I move away from her, but only to admire her flushed face. The wonderment in her eyes makes something clench in my chest. Because she's irresistible, I bend to steal another hungry peck, slipping a greedy arm around her waist to pull her in.
It feels so fucking right to hold her like this.
Her jaw unlocks when my tongue demands access, and the kiss grows more intense. A few more seconds , I tell myself. And then I'll pull away for good, and we'll learn to stay away from one another.
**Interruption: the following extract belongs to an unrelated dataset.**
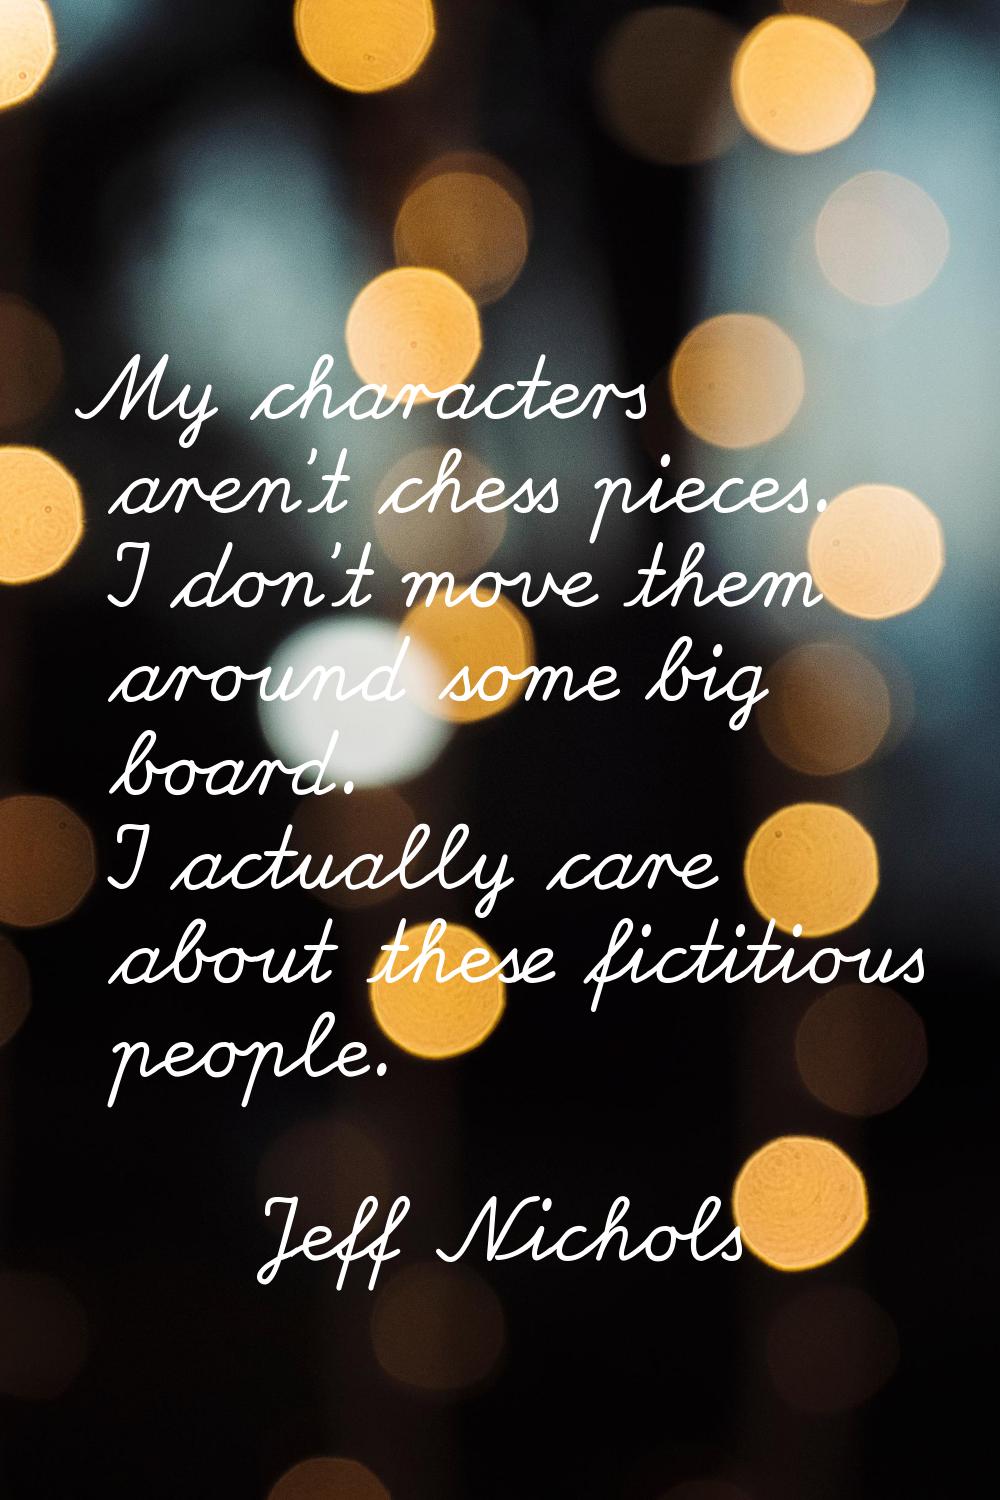 My characters aren't chess pieces. I don't move them around some big board. I actually care about t

The elevator makes a loud "ding," but that isn't enough to break the spell. Not for me, at least. Andrea immediately reacts to it, though, pulling away, so I let go of her as the doors open.
I'm not sure if I'm relieved or not that a few people are already on it. It's probably better that way. I would have kissed her again on our ride down, and that would have resulted in inviting her back to my place.
As I stare into her lust-filled gaze, I know without a doubt she would have accepted.